**DESCRIPTION OF THE TASK**
Please restate the records that follow word for word, omitting any images.

Stored dataset items
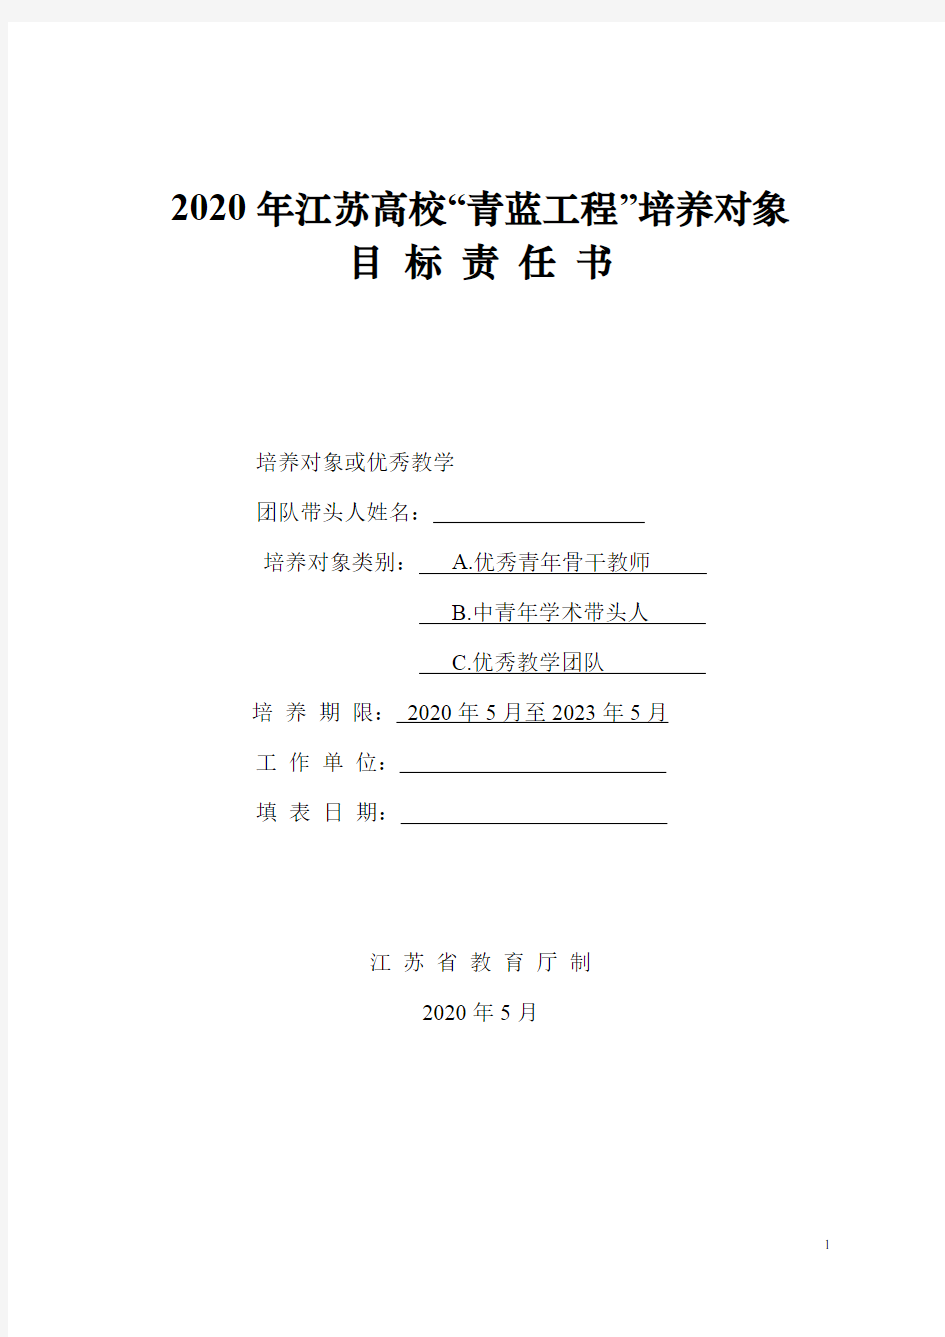 2020年江苏高校“青蓝工程”培养对象目标责任书
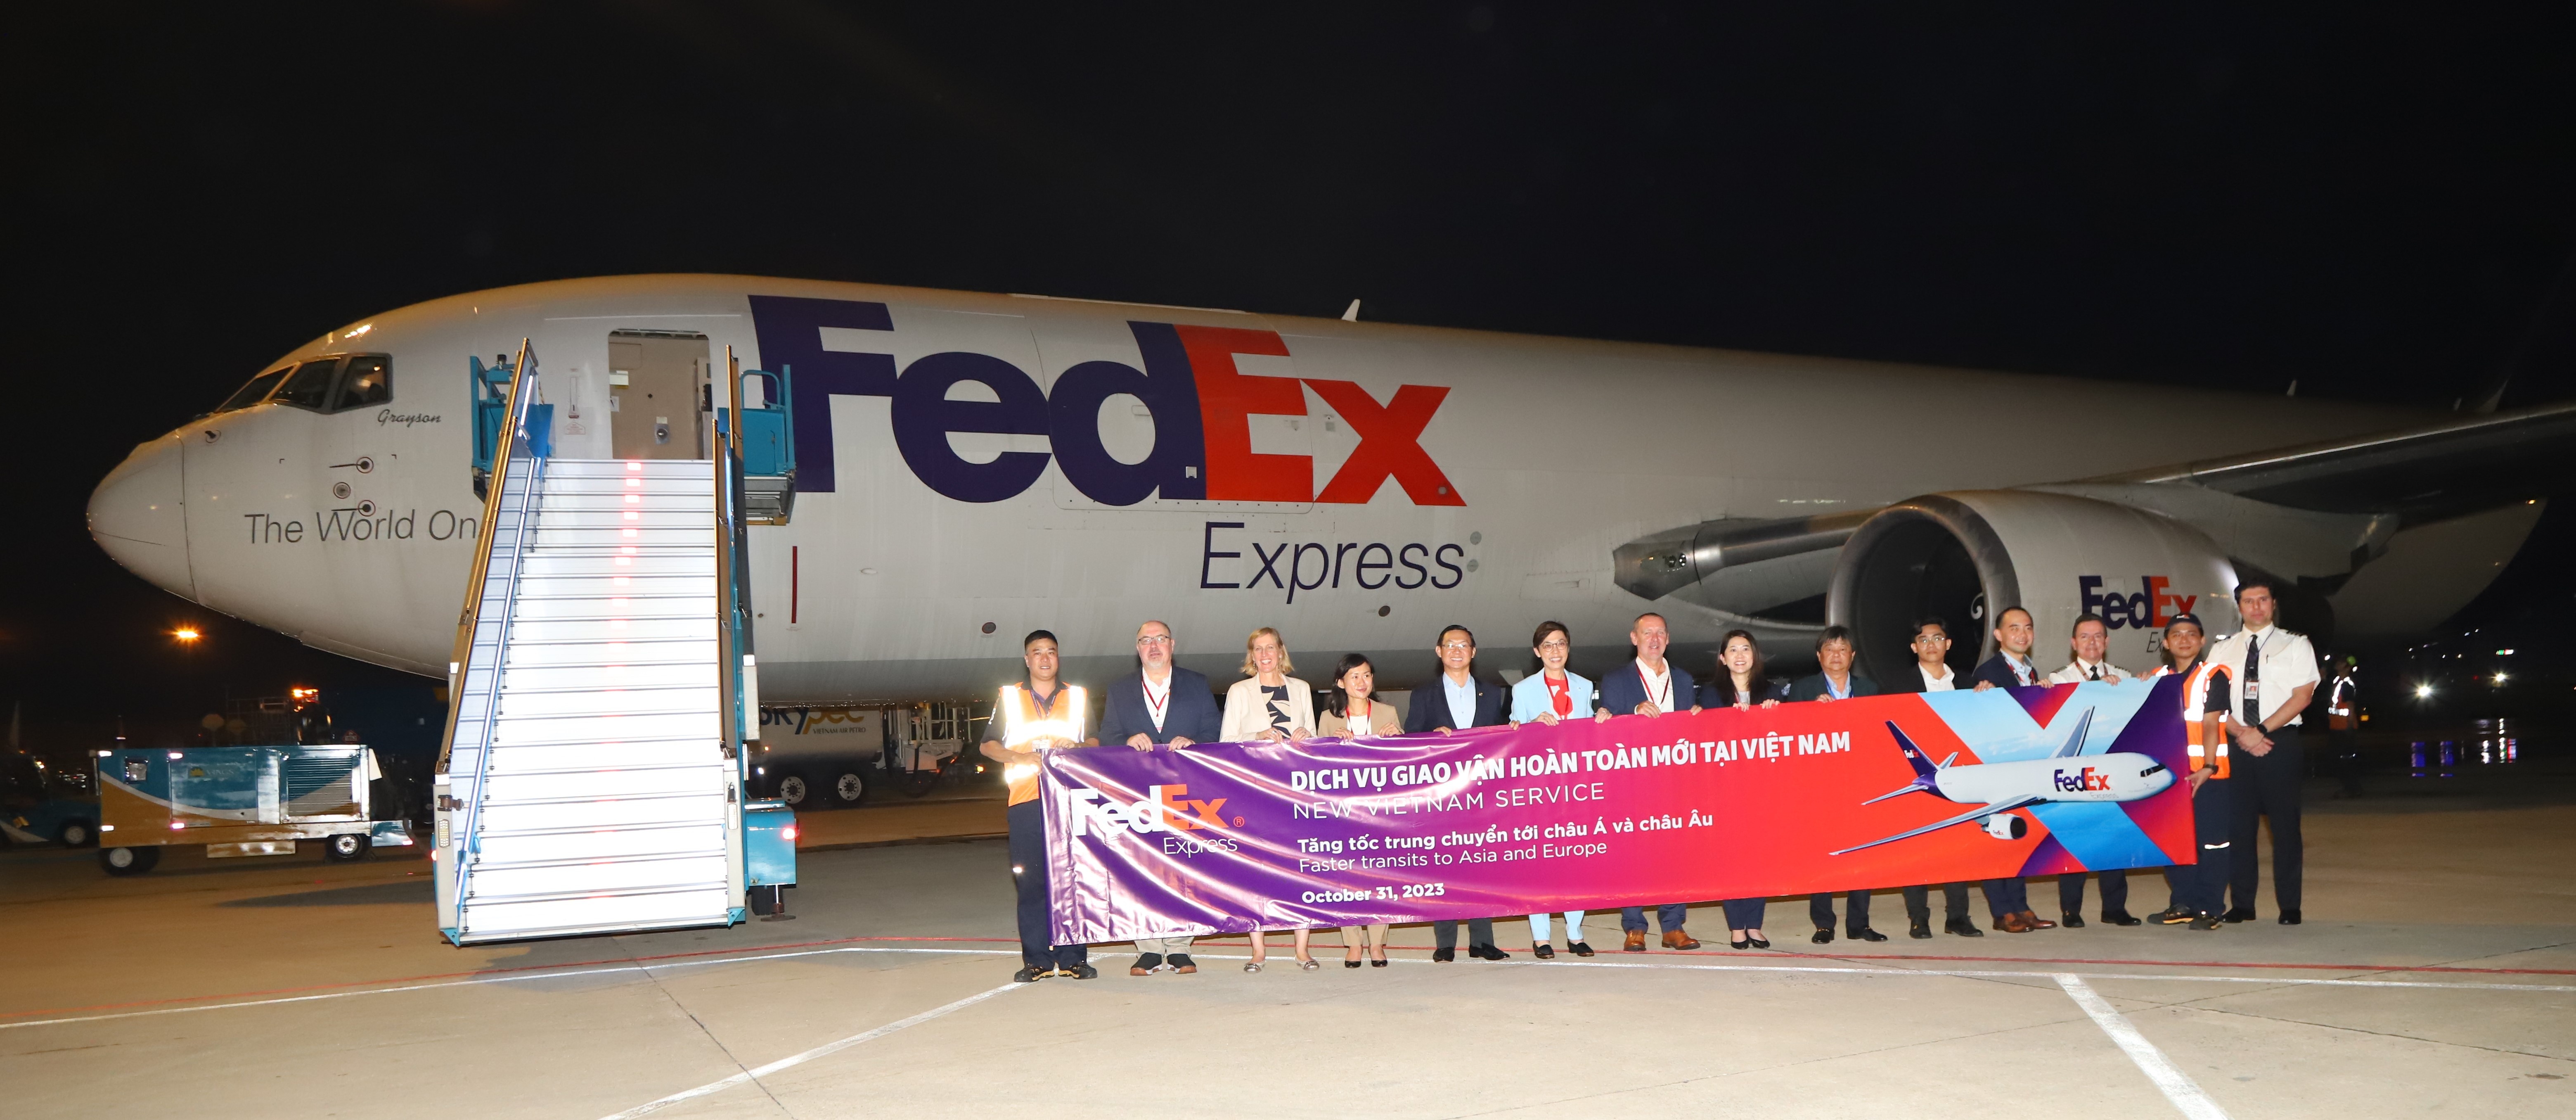 FedEx Express khánh thành đường bay mới từ TP. Hồ Chí Minh, rút ngắn thời gian vận chuyển hàng hóa
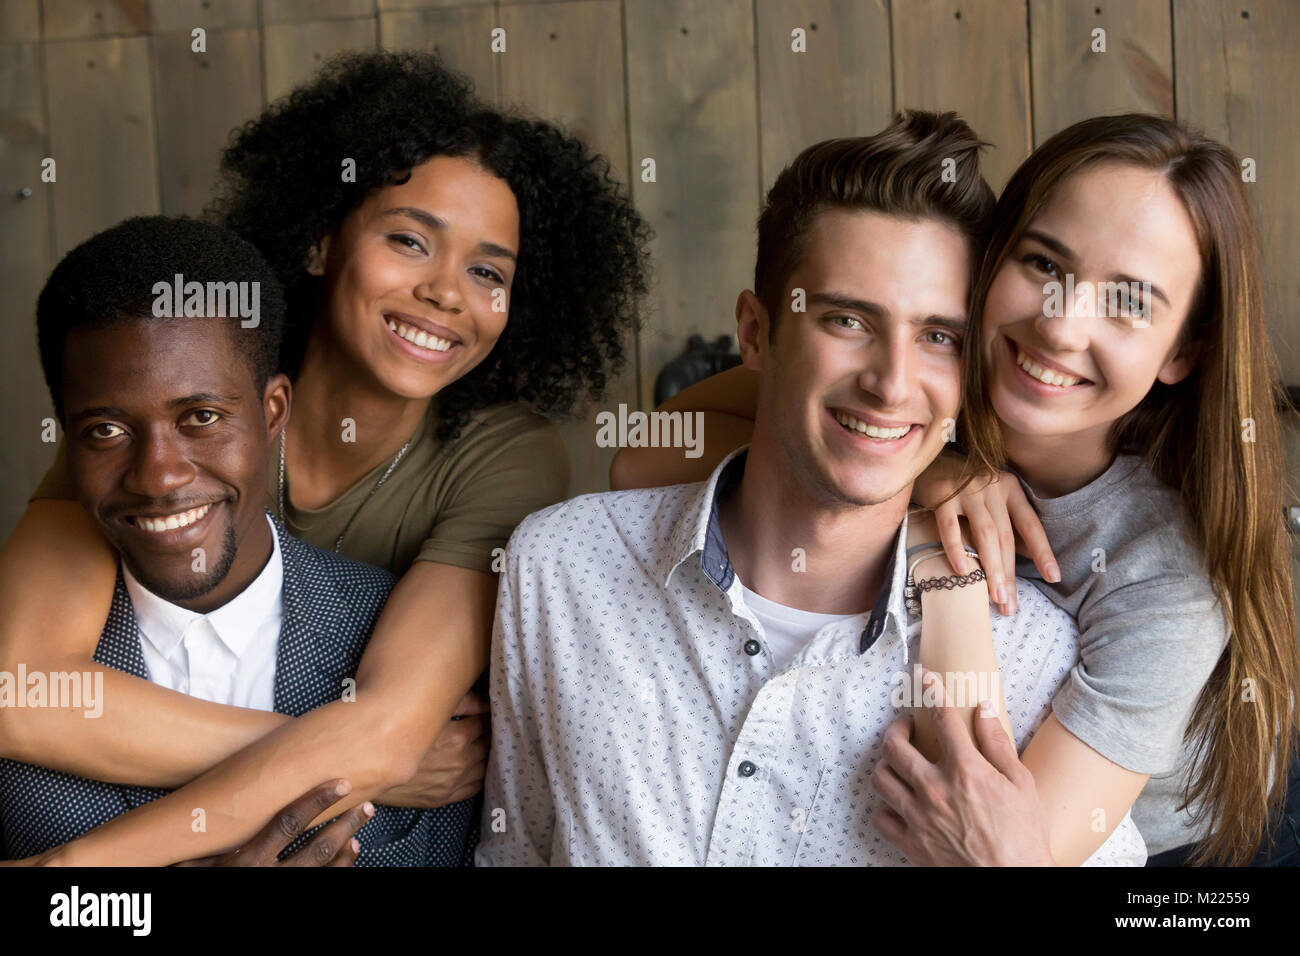 Deux d'Afrique et de race blanche des couples adoptant looking at camera, p Banque D'Images
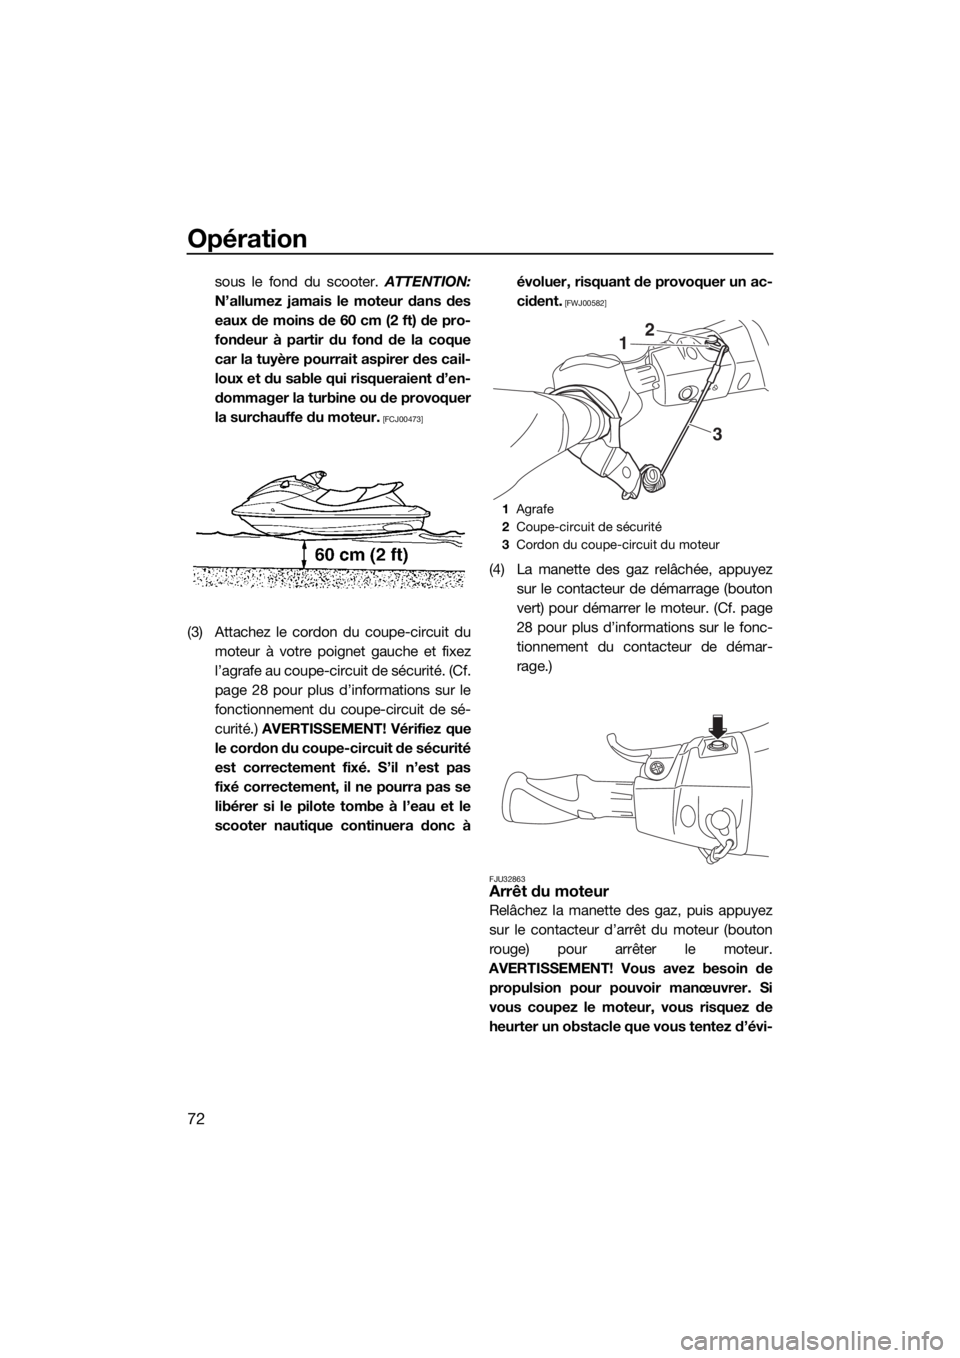 YAMAHA VX 2018  Notices Demploi (in French) Opération
72
sous le fond du scooter. ATTENTION:
N’allumez jamais le moteur dans des
eaux de moins de 60 cm (2 ft) de pro-
fondeur à partir du fond de la coque
car la tuyère pourrait aspirer des 
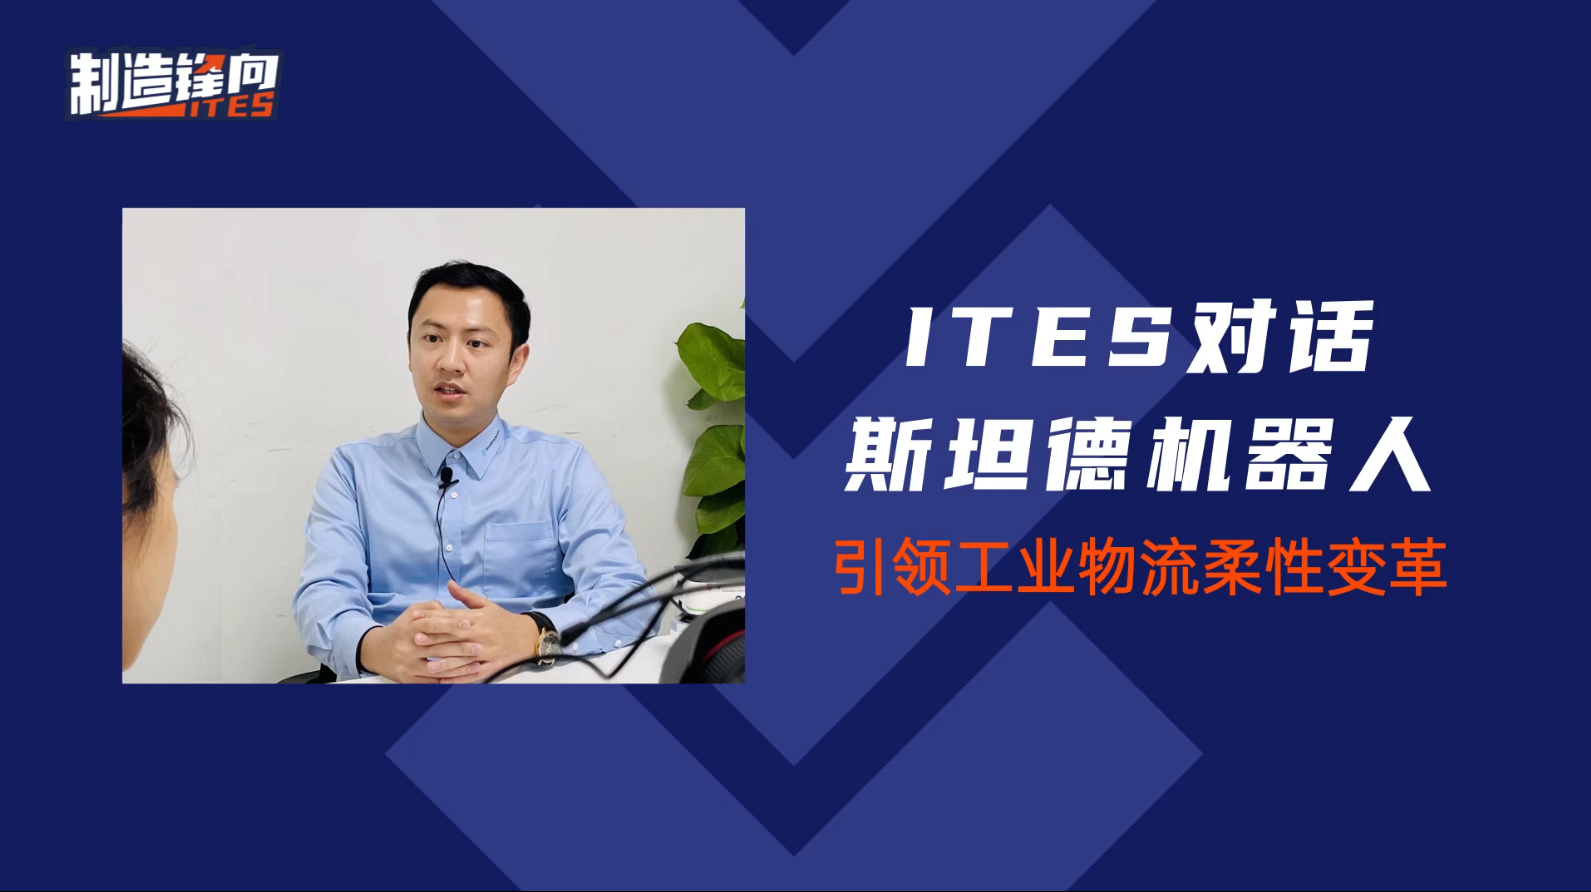 本视频为ITES深圳工业展对话斯坦德机器人运营总监梁凯翔先生的采访实录，让我们一起走进3C及半导体行业市占率第一名的斯坦德机器人！

**SOLUTION**
 2020年江苏高校“青蓝工程”培养对象目标责任书
 FedEx Express khánh thành đường bay mới từ TP. Hồ Chí Minh, rút ngắn thời gian vận chuyển hàng hóa
 Deux d'Afrique et de race blanche des couples adoptant looking at camera, p Banque D'Images
 YAMAHA VX 2018  Notices Demploi (in French) Opération
72
sous le fond du scooter. ATTENTION:
N’allumez jamais le moteur dans des
eaux de moins de 60 cm (2 ft) de pro-
fondeur à partir du fond de la coque
car la tuyère pourrait aspirer des 
 本视频为ITES深圳工业展对话斯坦德机器人运营总监梁凯翔先生的采访实录，让我们一起走进3C及半导体行业市占率第一名的斯坦德机器人！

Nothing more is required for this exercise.